CRFs Generalize HMMs

Sep 13, 2017 • sequence models • 1

Problem

The Hidden Markov Model (HMM) is a generative model. An HMM models the joint probability of two sequences as \begin{align} p(X, Y) = \prod_{t=1}^T p(x_t \mid y_t) p(y_t \mid y_{t-1}). \end{align}

The Conditional Random Field (CRF) is a discriminative model. A linear-chain CRF models the conditional probability of $Y$ given $X$ as \begin{align} p(Y \mid X) = \frac{1}{Z} \prod_{t=1}^T \exp \left\lbrace \sum_{m=1}^M \mu_m f_m(x_t, y_t, y_{t-1}) \right\rbrace \end{align}

A nice property of the linear-chain CRF is that it is a strict generalization of the HMM. Any distribution representable by an HMM can be modeled by a CRF. Show that this is true.

Solution

show

We can convert an HMM into a CRF as follows. Assume the variable $x_t$ can take on $p$ values and $y_t$ can take on $q$ values. Thus we need $M = pq + q^2$ factors. The factors will be \begin{align} g_{i, j}(x_t, y_t, y_{t-1}) &= \mathbb{1}\lbrace x_t = i, y_t = j \rbrace \\ h_{j, k}(x_t, y_t, y_{t-1}) &= \mathbb{1}\lbrace y_t = j, y_{t-1} = k \rbrace. \end{align}

The weights will be

\begin{align} \lambda_{i, j} &= \log p(x_t = i \mid y_t = j) \\ \theta_{j, k} &= \log p(y_t = j \mid y_{t-1} = k) \end{align} and let $Z = 1$ .
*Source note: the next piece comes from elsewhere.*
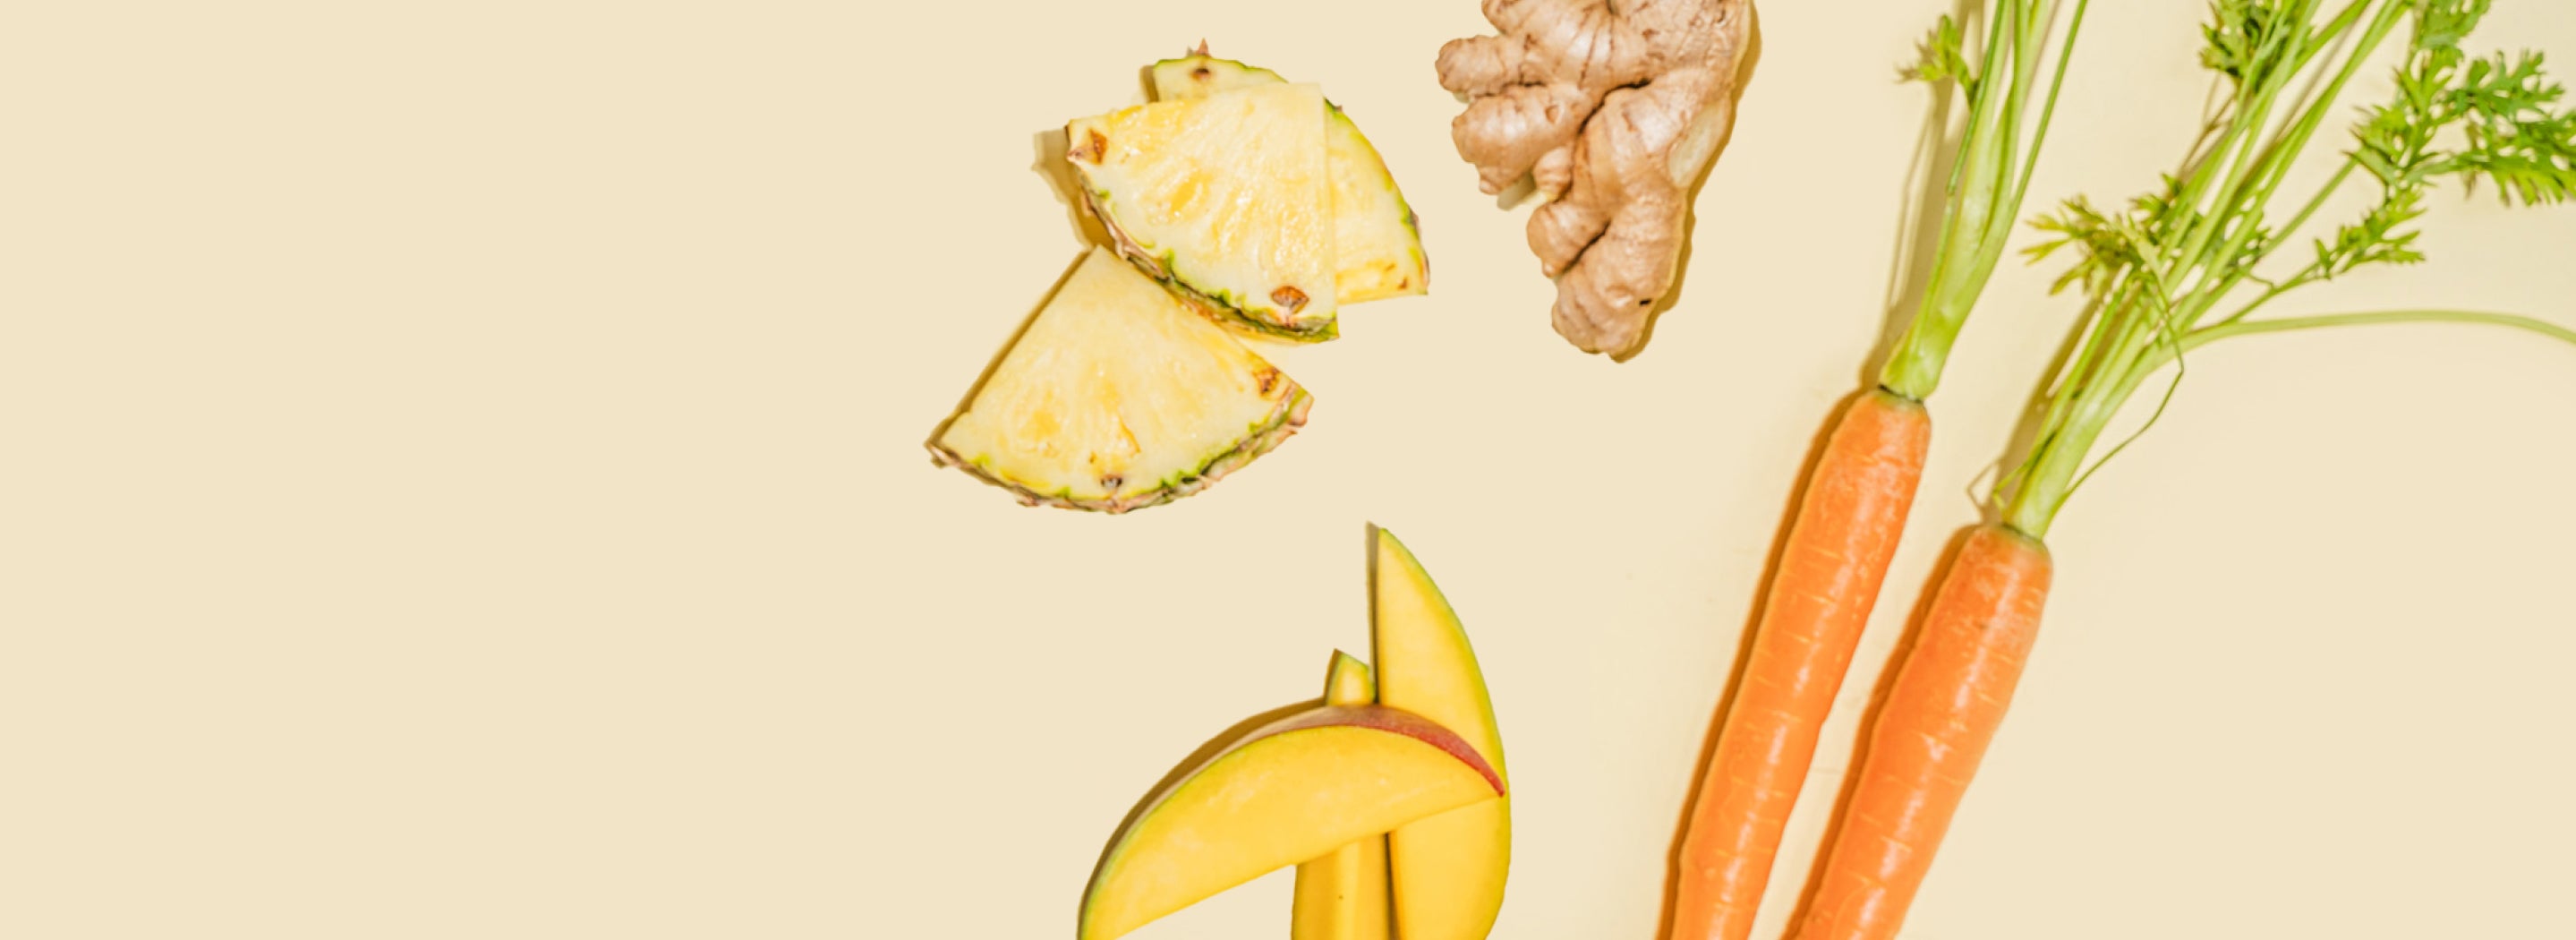 Layout von Ananas, Ingwer, Mango und Karotten

Now the HMM can be written as \begin{align} &\prod_{t=1}^T p(x_t = i \mid y_t = j) p(y_t = j \mid y_{t-1} = k) \\ = &\prod_{t=1}^T \exp \left\lbrace \lambda_{i, j} + \theta_{j, k} \right\rbrace \\ = &\prod_{t=1}^T \exp \left\lbrace \sum_{i,j} \lambda_{i, j} \mathbb{1} \lbrace x_t = i, y_t = j \rbrace + \sum_{j, k} \theta_{j, k} \mathbb{1} \lbrace y_t = j, y_{t-1} = k \rbrace \right\rbrace\\ = &\frac{1}{Z} \prod_{t=1}^T \exp \left\lbrace \sum_{i,j} \lambda_{i,j} g_{i,j}(x_t, y_t, y_{t-1}) + \sum_{j,k} \theta_{j,k} h_{j,k}(x_t, y_t, y_{t-1}) \right\rbrace \\ = &\frac{1}{Z} \prod_{t=1}^T \exp \left\lbrace \sum_{m = 1}^M \mu_{m} f_{m}(x_t, y_t, y_{t-1}) \right\rbrace. \end{align}

In the final step we combine all the factors into a single summation to show the equivalence to a CRF. In this case the factors are \begin{align} f_{i + p (j - 1)}(\cdot) &= g_{i,j}(\cdot) \\ f_{pq + j + q (k - 1)}(\cdot) &= h_{j, k}(\cdot) \end{align} and the weights are \begin{align} \mu_{i + p (j - 1)} &= \lambda_{i,j} \\ \mu_{pq + j + q (k - 1)} &= \theta_{j, k}. \end{align}

This fact was pointed out to me in Section 2.3 of An Introduction to Conditional Random Fields.